Поэтому в Эль-Магриб отправился он, пока Мэтью на берегу выбивал перевозку по железной дороге: дело хлопотное, но уже знакомое до мелочей. Несколько суток Алекс дневал и ночевал в прокаленном солнцем порту, выцарапывая груз. Изучал и подписывал бумаги, не жалея, совал деньги всем, кто отвечал за передачу, а затем срывал голос на грузчиков, мешая бриттскую ругань с аравийской, и сам помогал таскать увесистые ящики… Затем он две недели спал в пропахшем ядреным мужским потом кубрике, мылся соленой водой, ел вместе с матросами пайковую солонину, запивая дешевым слабеньким вином, слушал морские байки и сам рассказывал о жизни в Лундене.
И довел все-таки, дотащил старенький, набитый под завязку сухогруз до нужного места — а там его уже ждали те самые конкуренты, резонно рассудив: к чему трепыхаться раньше времени, ведь наглый юнец и так везет груз именно туда, куда надо. Мэтью должен был приехать из Лундена утром, сухогруз пришел в порт накануне вечером, и Алекса спасли те самые моряки, у которых он за время пути стал своим, не хозяином, а таким же, как они, обычным парнем, отчаянно пытающимся выжить в хаосе Большого Взлета.
Это они, углядев на пирсе крепких ребят с обернутыми кожей дубинками, подняли тревогу и помчались выручать лунденца, не думая, что чужой товар не стоит их жизней. Потом, вспоминая ночь, разрезанную прожекторами и воем корабельной сирены, что врубил капитан, Алекс понимал, что и жизнью, и спасением проклятых контейнеров обязан простым работягам с раздолбанного, отслужившего свой век сухогруза. Тем, кто прикрыл его собой от наемников, пока Алекс с холодной ясной тоской думал, что если ему сейчас открутят голову и заберут груз, Мэтью придется платить неустойку, которая похоронит контору.
А утром приехал Мэтью с бумагами и охраной, и Алекс, до рассвета хлеставший со своими спасителями бренди под все ту же разогретую на спиртовке солонину, встретил его на пирсе. Корриган только хмыкнул, напоказ втянув ноздрями воздух, протянул: «Ну, Корсар…», увесисто хлопнул его по плечу могучей лапищей и отправил отсыпаться. Груз ушел по назначению, и Алекс, уезжая, оставил на сухогрузе сверх оговоренной платы все наличные деньги, что смог выгрести у себя и Мэтью. Потом в Лундене серьезные люди выразили неудовольствие такой прытью двух оборванцев из Западного района, но это уже было делом Мэтью — разбираться с подобным, Алекс же снова искал очередные контракты. И все шло как надо, и через год-два «Виадук» уже был именем, хорошим, крепким именем в перевозках.

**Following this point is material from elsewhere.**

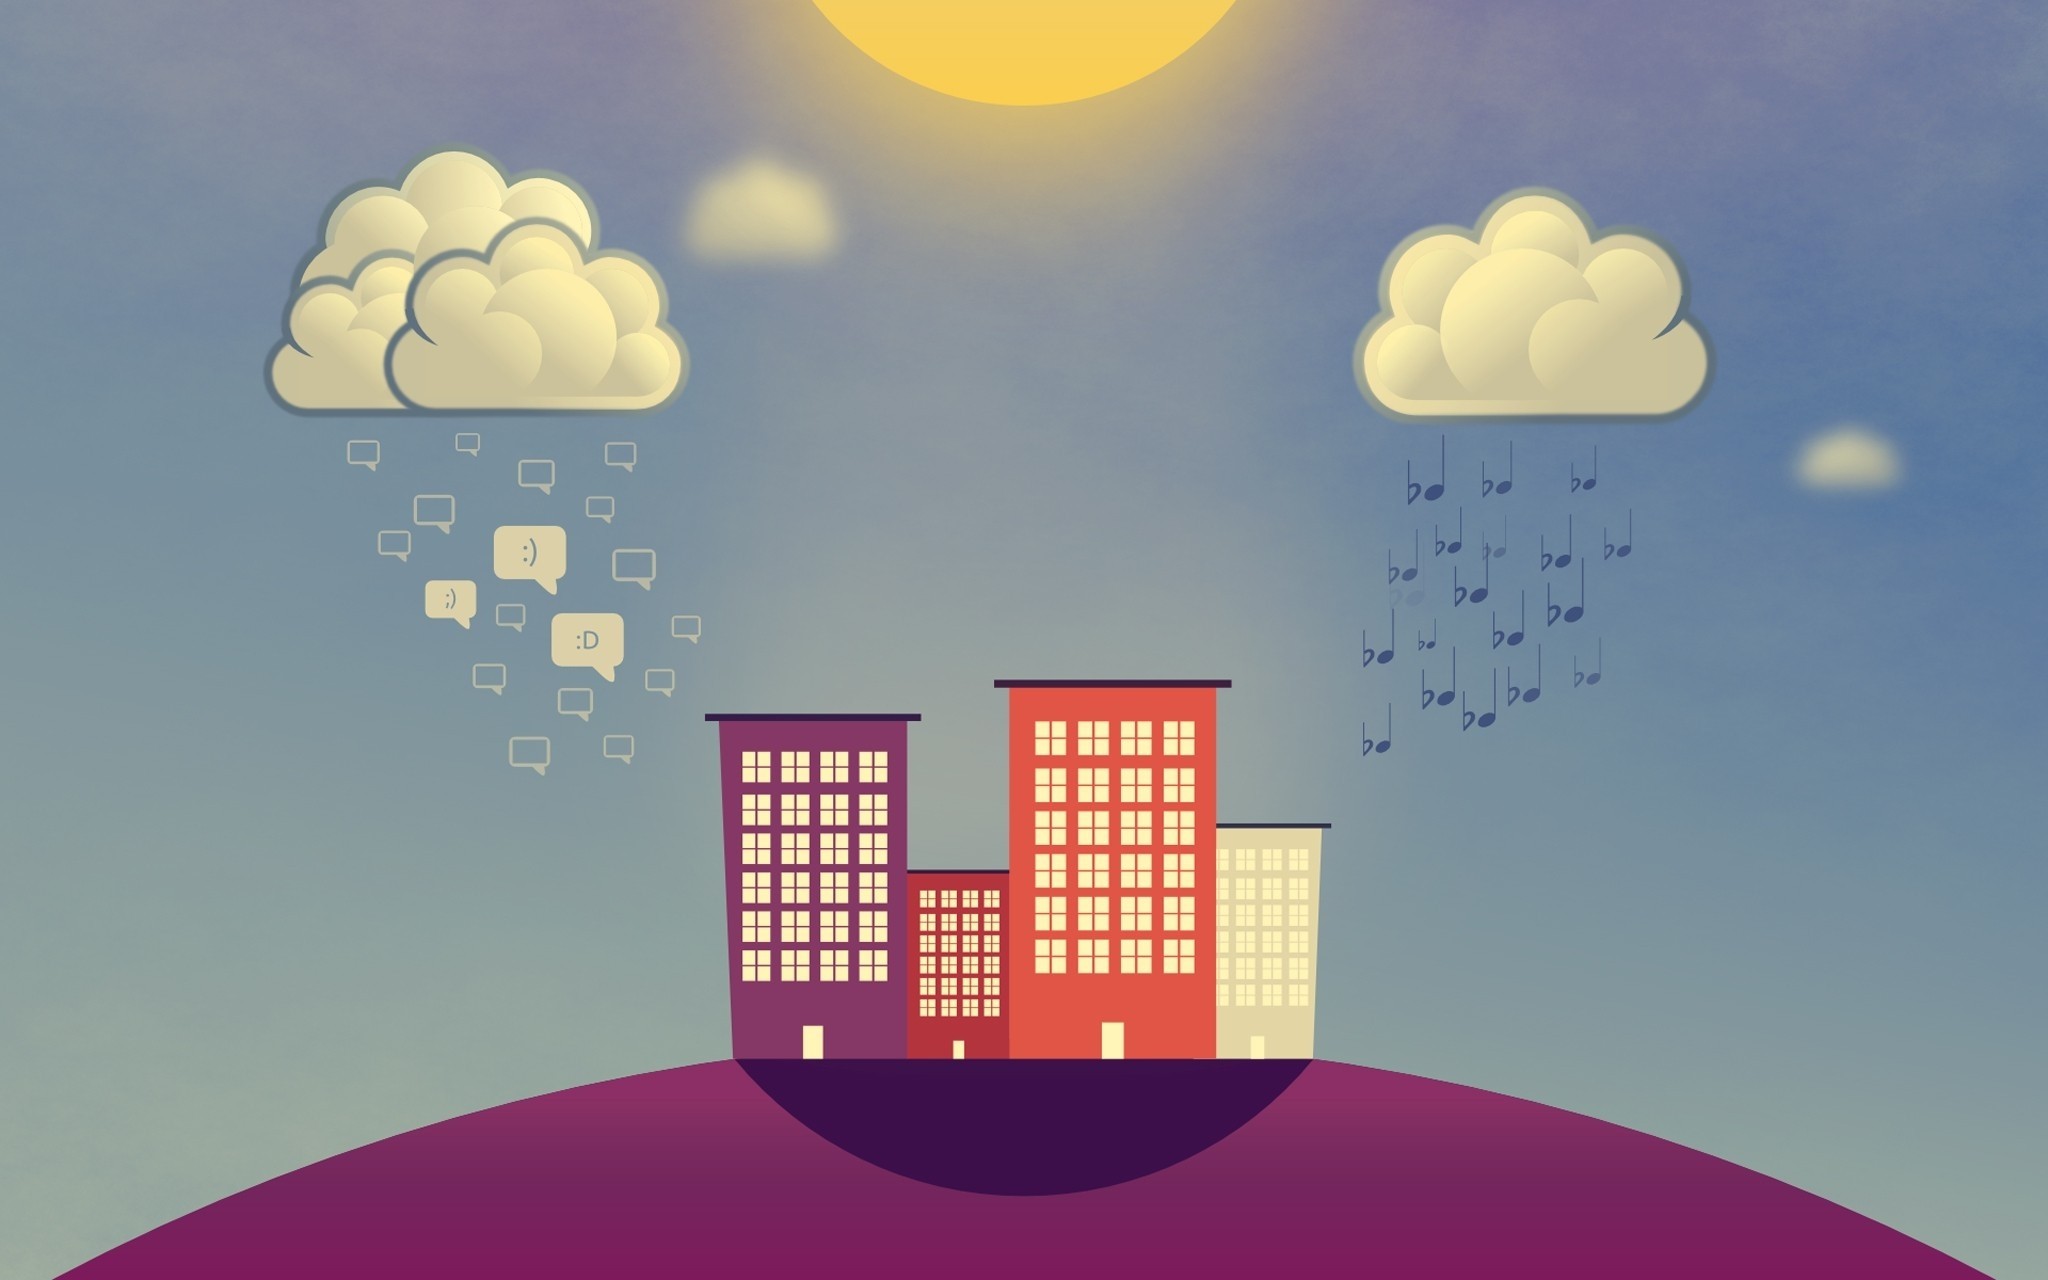 1920x1080 Background music, rain, clouds, vector, building, notes, smilies, smiles

Вот тогда Алекс и сказал, что уходит. Что хочет заниматься тем, к чему лежит душа, а не тем, что только кормит. Мэтью понял, он давно ждал этого, видя, как партнер каждую свободную минуту сидит с книгами, ездит в Университет и выматывается до черных кругов под глазами, пытаясь совмещать частные уроки и работу. Понял — и не обиделся. Они полюбовно разошлись, Мэтью честно и в срок выплатил его долю, пусть и постепенно. И никогда не узнал, что была еще одна причина, по которой Алекс решил держаться от лучшего друга подальше.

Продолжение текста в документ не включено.